We will discuss the k-means algorithm in more depth in In Depth: K-Means Clustering. Other important clustering algorithms include Gaussian mixture models (See In Depth: Gaussian Mixture Models) and spectral clustering (See Scikit-Learn's clustering documentation).
Dimensionality reduction is another example of an unsupervised algorithm, in which labels or other information are inferred from the structure of the dataset itself. Dimensionality reduction is a bit more abstract than the examples we looked at before, but generally it seeks to pull out some low-dimensional representation of data that in some way preserves relevant qualities of the full dataset. Different dimensionality reduction routines measure these relevant qualities in different ways, as we will see in In-Depth: Manifold Learning.
As an example of this, consider the data shown in the following figure:
Visually, it is clear that there is some structure in this data: it is drawn from a one-dimensional line that is arranged in a spiral within this two-dimensional space. In a sense, you could say that this data is "intrinsically" only one dimensional, though this one-dimensional data is embedded in higher-dimensional space. A suitable dimensionality reduction model in this case would be sensitive to this nonlinear embedded structure, and be able to pull out this lower-dimensionality representation.
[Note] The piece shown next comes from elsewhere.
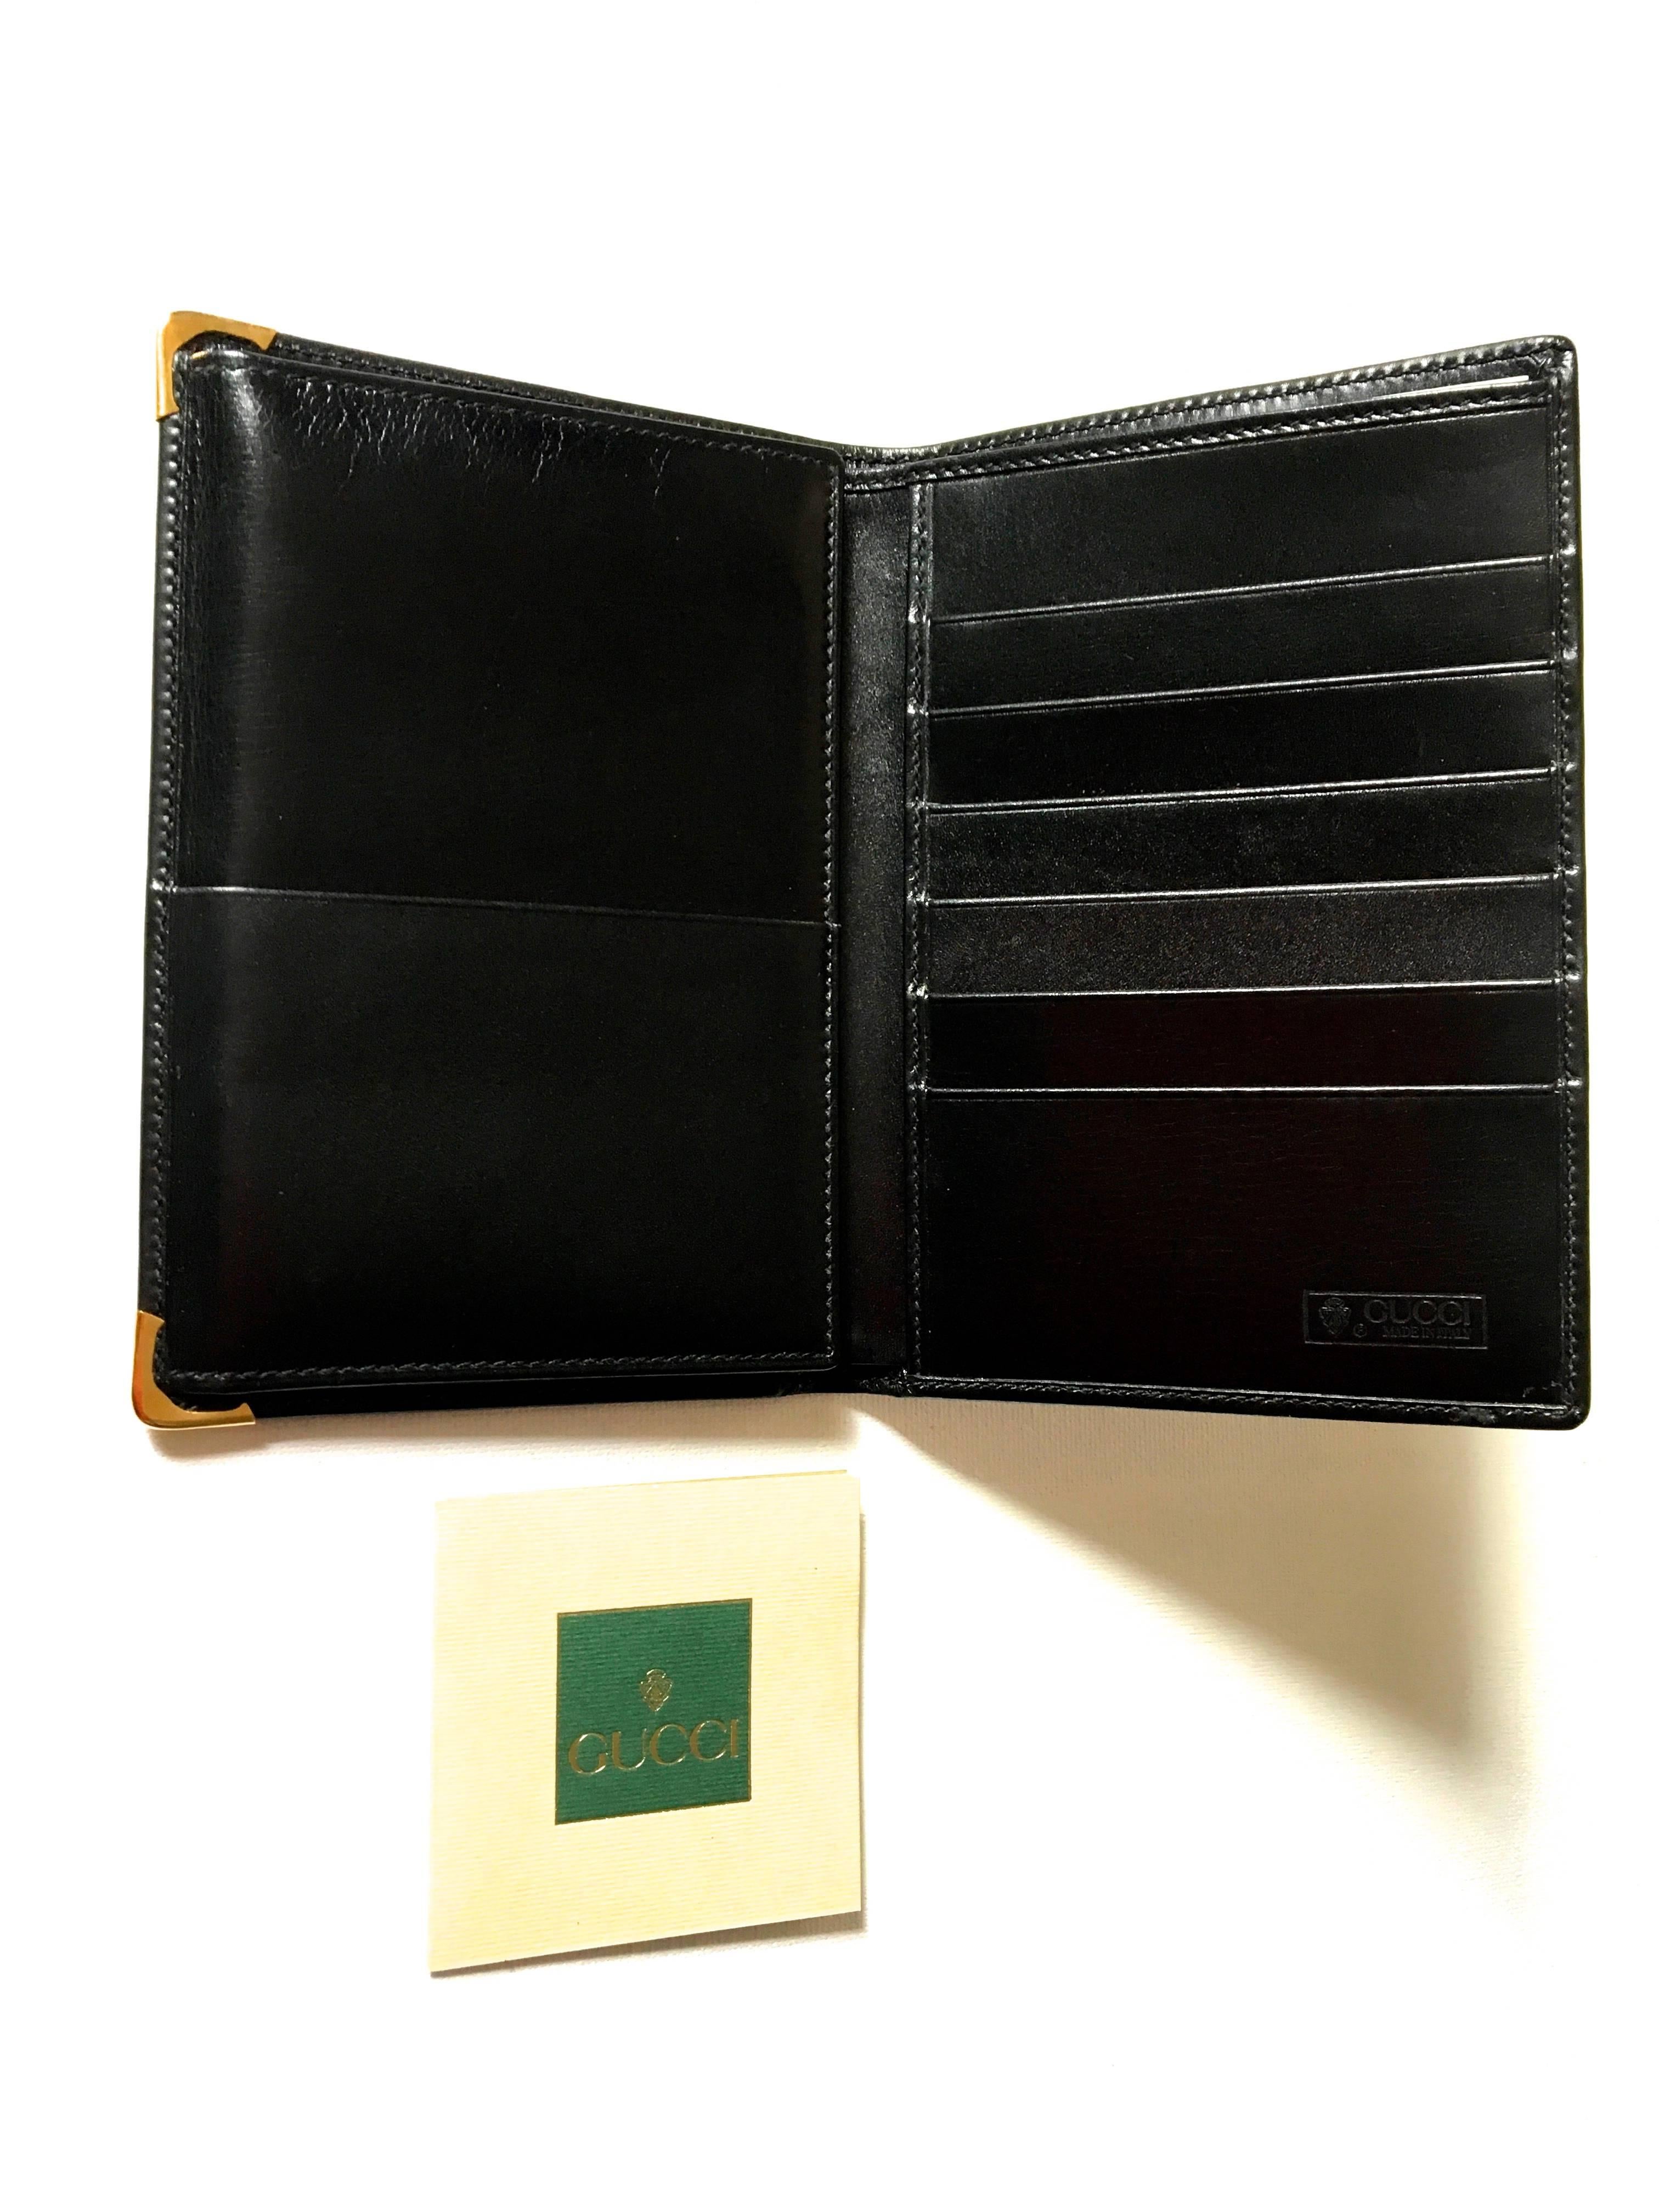 Vintage Gucci Leather Cigar Case - Mint Condition 1

The following figure shows a visualization of the results of the Isomap algorithm, a manifold learning algorithm that does exactly this:
Notice that the colors (which represent the extracted one-dimensional latent variable) change uniformly along the spiral, which indicates that the algorithm did in fact detect the structure we saw by eye. As with the previous examples, the power of dimensionality reduction algorithms becomes clearer in higher-dimensional cases. For example, we might wish to visualize important relationships within a dataset that has 100 or 1,000 features. Visualizing 1,000-dimensional data is a challenge, and one way we can make this more manageable is to use a dimensionality reduction technique to reduce the data to two or three dimensions.
Some important dimensionality reduction algorithms that we will discuss are principal component analysis (see In Depth: Principal Component Analysis) and various manifold learning algorithms, including Isomap and locally linear embedding (See In-Depth: Manifold Learning).
Here we have seen a few simple examples of some of the basic types of machine learning approaches. Needless to say, there are a number of important practical details that we have glossed over, but I hope this section was enough to give you a basic idea of what types of problems machine learning approaches can solve.
In short, we saw the following:
Supervised learning: Models that can predict labels based on labeled training data
Unsupervised learning: Models that identify structure in unlabeled data
In the following sections we will go into much greater depth within these categories, and see some more interesting examples of where these concepts can be useful.
All of the figures in the preceding discussion are generated based on actual machine learning computations; the code behind them can be found in Appendix: Figure Code.